What is required> Give the data again in full, without pictures.

━━ Data excerpt

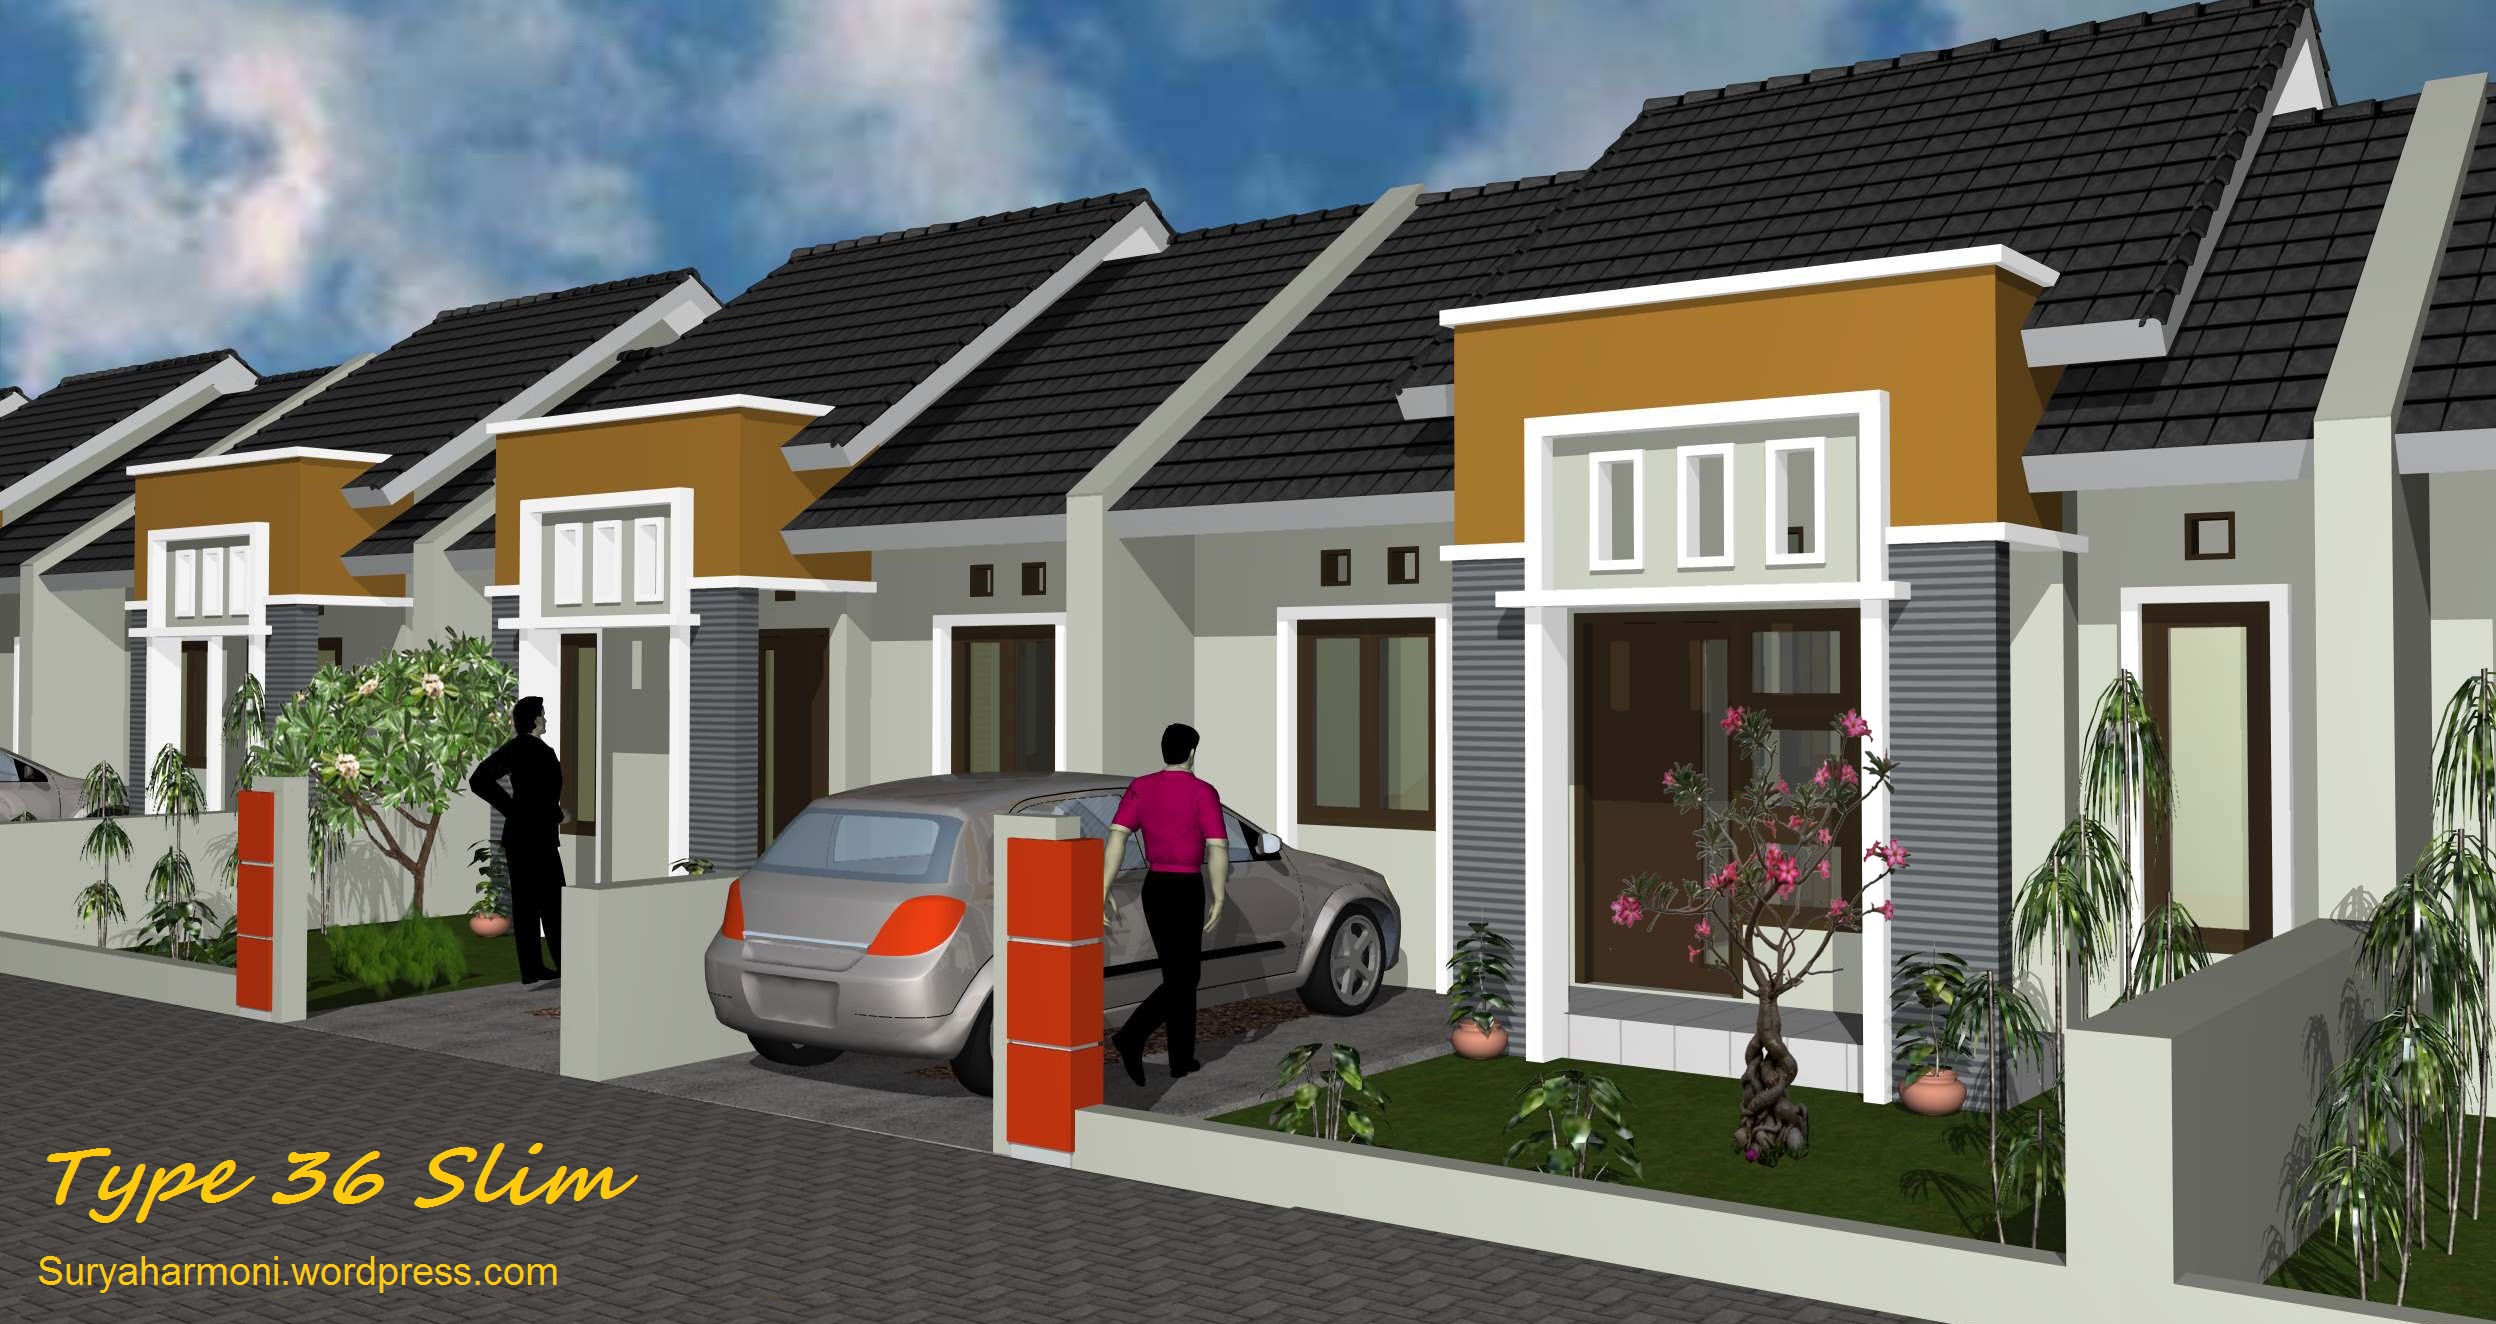 100 Rumah Minimalis Sederhana Type 36 Surabaya Gambar Desain Rumah
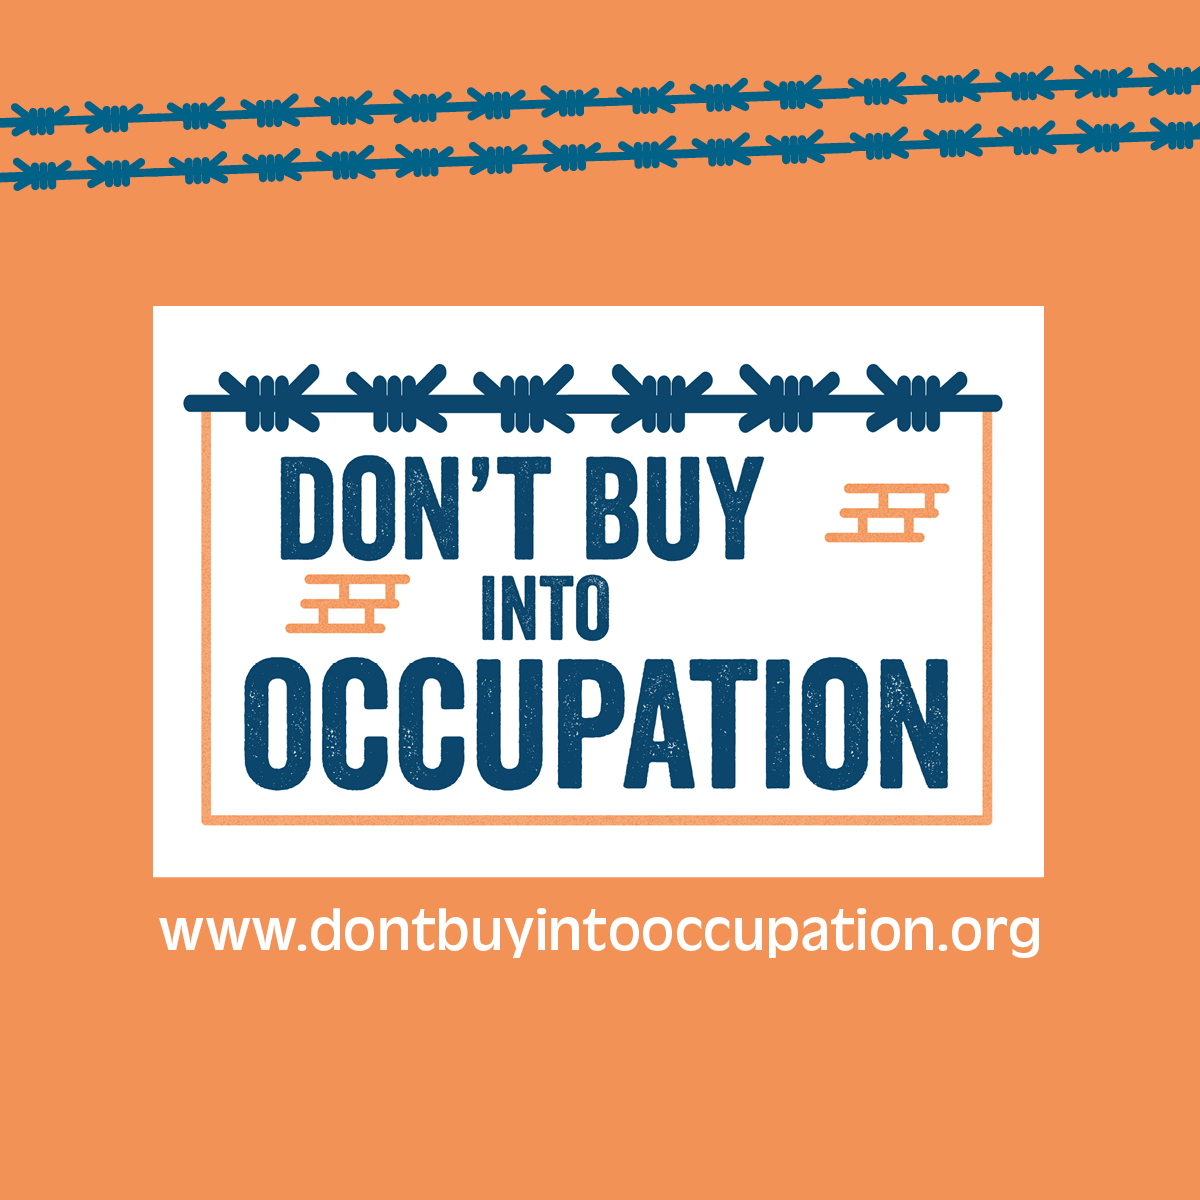 La coalition 'Don't Buy into Occupation' (DBIO)  met en lumière les relations financières entre les entreprises commerciales impliquées dans la colonisation israélienne illégale des TPO et les institutions financières européennes (IF). #DontBuyIntoOccupation  #StopArmingIsrael
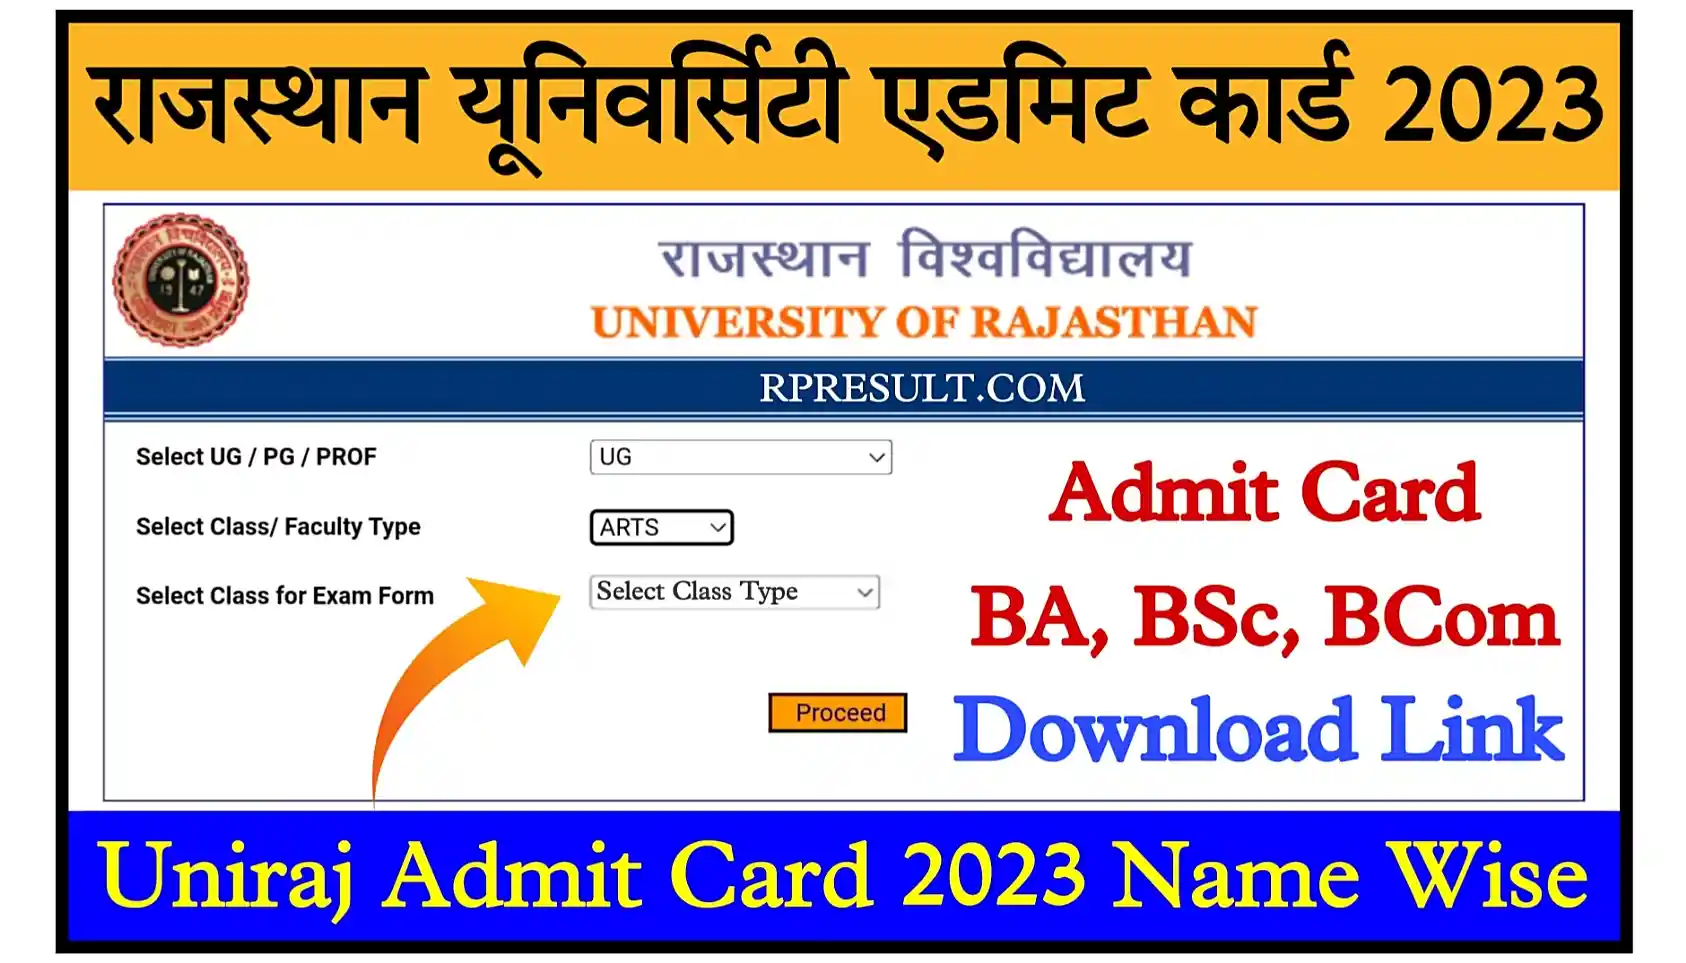 Rajasthan University Admit Card 2023 Download Link राजस्थान यूनिवर्सिटी BA, BSc, BCom के नए एडमिट कार्ड जारी, यहां से डाउनलोड करें

━━━━

Output below>
 100 Rumah Minimalis Sederhana Type 36 Surabaya Gambar Desain Rumah
 La coalition 'Don't Buy into Occupation' (DBIO)  met en lumière les relations financières entre les entreprises commerciales impliquées dans la colonisation israélienne illégale des TPO et les institutions financières européennes (IF). #DontBuyIntoOccupation  #StopArmingIsrael
 Rajasthan University Admit Card 2023 Download Link राजस्थान यूनिवर्सिटी BA, BSc, BCom के नए एडमिट कार्ड जारी, यहां से डाउनलोड करें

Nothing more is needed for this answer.